Automated systems of change, problems and procurement management also integrated into our infrastructure. This not only improves accuracy, but also speeds up the task execution.
What achievements do you consider the most important ones?
The main achievement for us is the stable operation of the Centre in 24/7 mode. We launched the first support line, organized monitoring and achieved impressive results: the level of satisfaction of our services reached 98%.

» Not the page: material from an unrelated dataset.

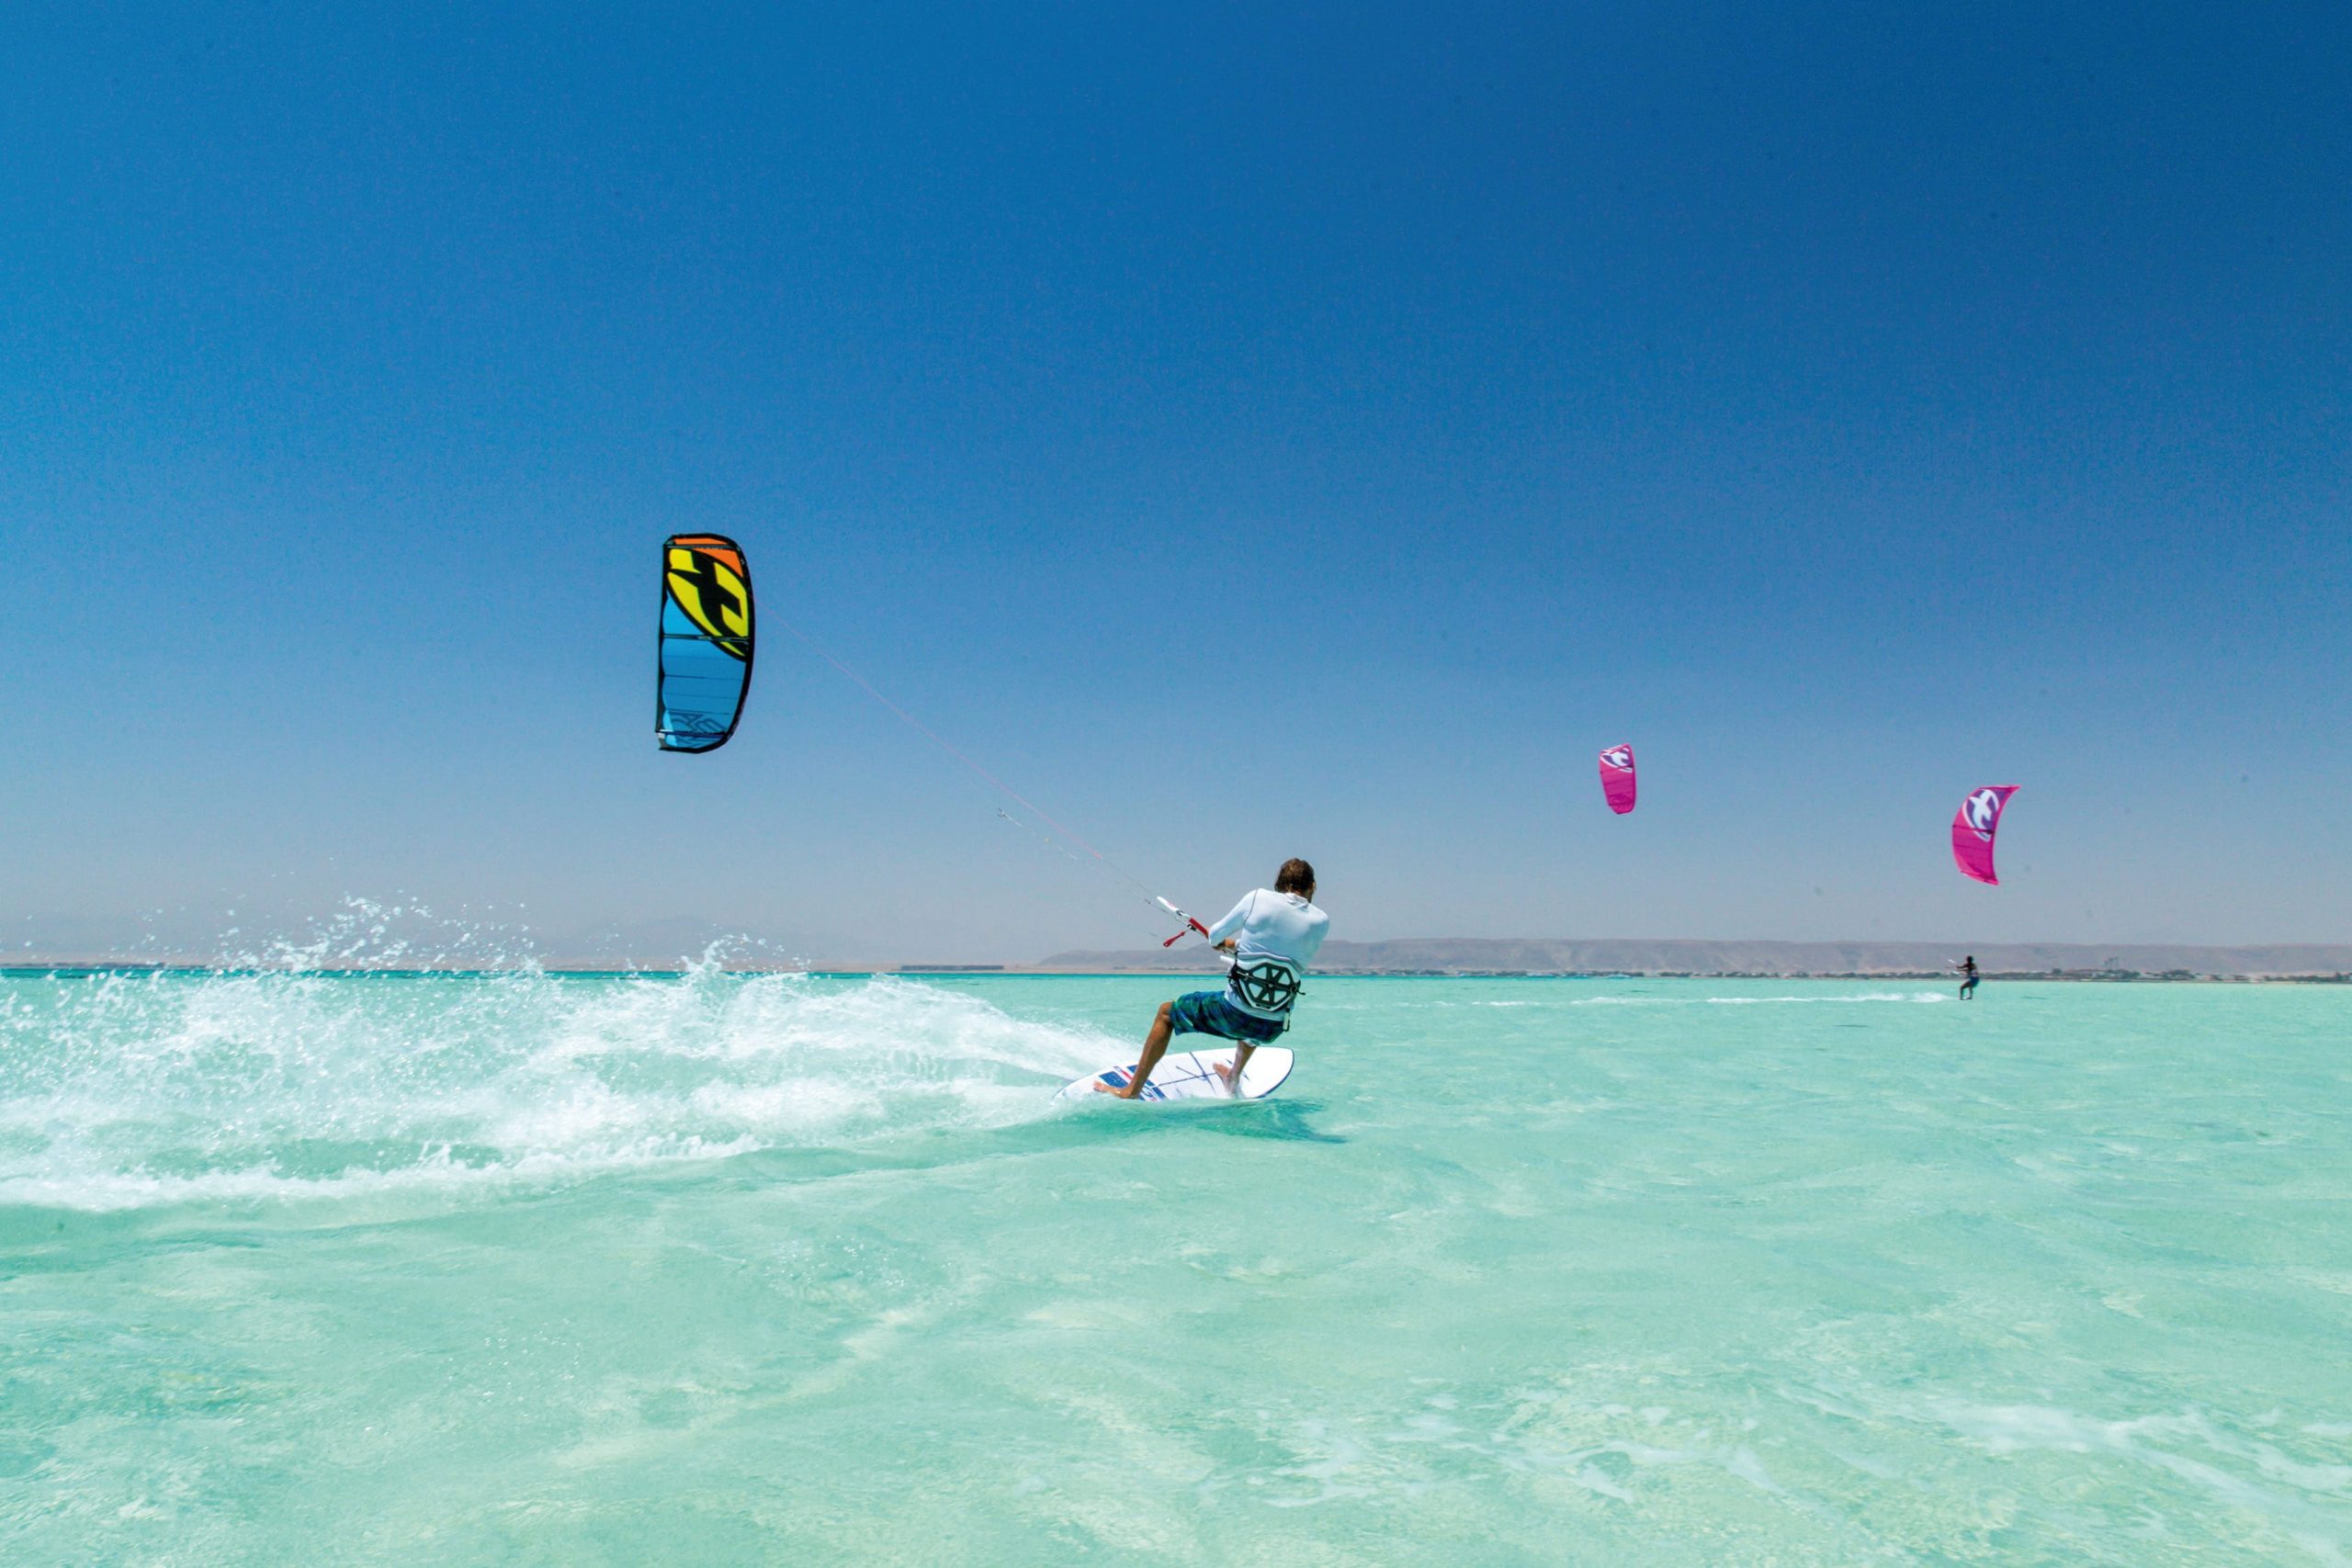 Kite surfing, kitesurfing, sea, water sports, summer, sky, turquoise
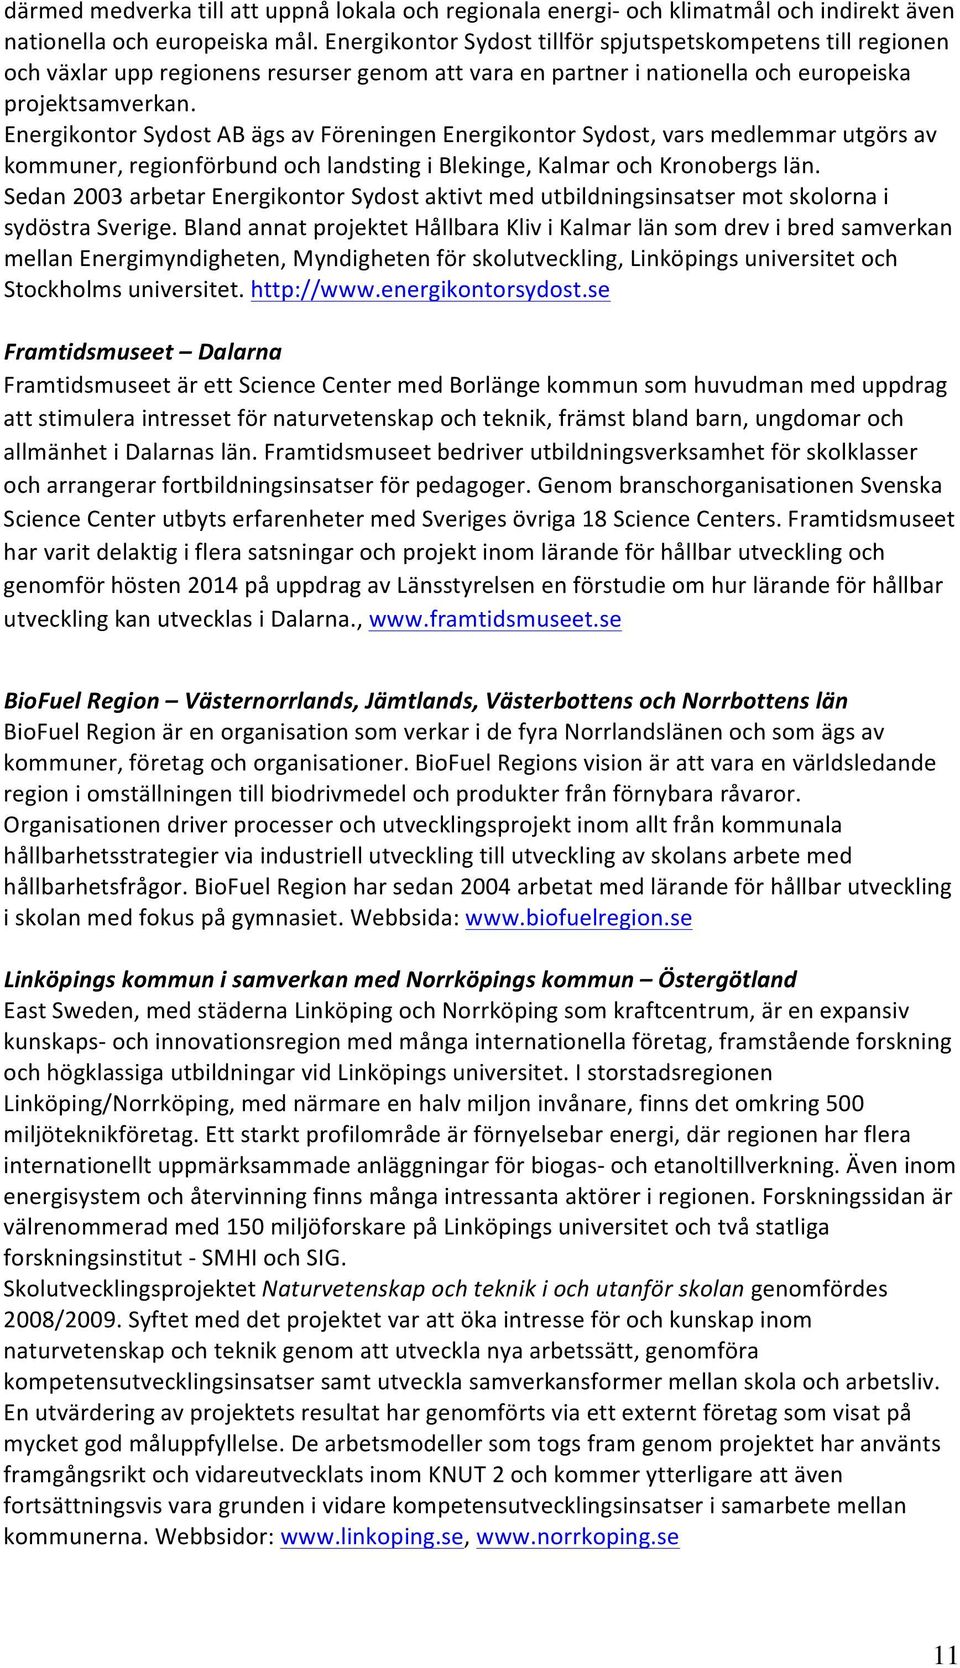 Energikontor Sydost AB ägs av Föreningen Energikontor Sydost, vars medlemmar utgörs av kommuner, regionförbund och landsting i Blekinge, Kalmar och Kronobergs län.

We also reduced the response time for incidents: 25% of tickets are resolved in the first hour, 50% are resolved on the day of the ticket. Increased rebuilding speed after incidents, keeping minimum downtime for the business: we need less than 45 minutes for a complete system recovery. We have also reduced the number of emergencies due to proactive work - in the last year this number decreased by 30%.
It is important to note, we have a clear understanding of how to anticipate and address issues before they affect the business. We have also improved the level of alerting, which allows our users to be aware of all changes and increases their confidence in what we are doing.
What are the directions of development of the Centre you see for the coming years?
In the near future, they are further automation of processes and integration of new analytical tools. We are striving to increase the proactivity of the Centre so that the business can be sure: its support is not just a quick reaction, but the complete elimination of any risks before they arise.
Separate direction is launching a project based on artificial intelligence, which will help to predict emergencies and reduce the number of tickets. This tool will allow us analyse data even more accurately, identify latent dependencies and take preventive measures.
The Situation Centre continues developing, but it has already become an important tool in supporting the business in a high-load and constant changing environment. Ambitious plans require a lot of effort, and we are sure that they will bring results that are even more impressive!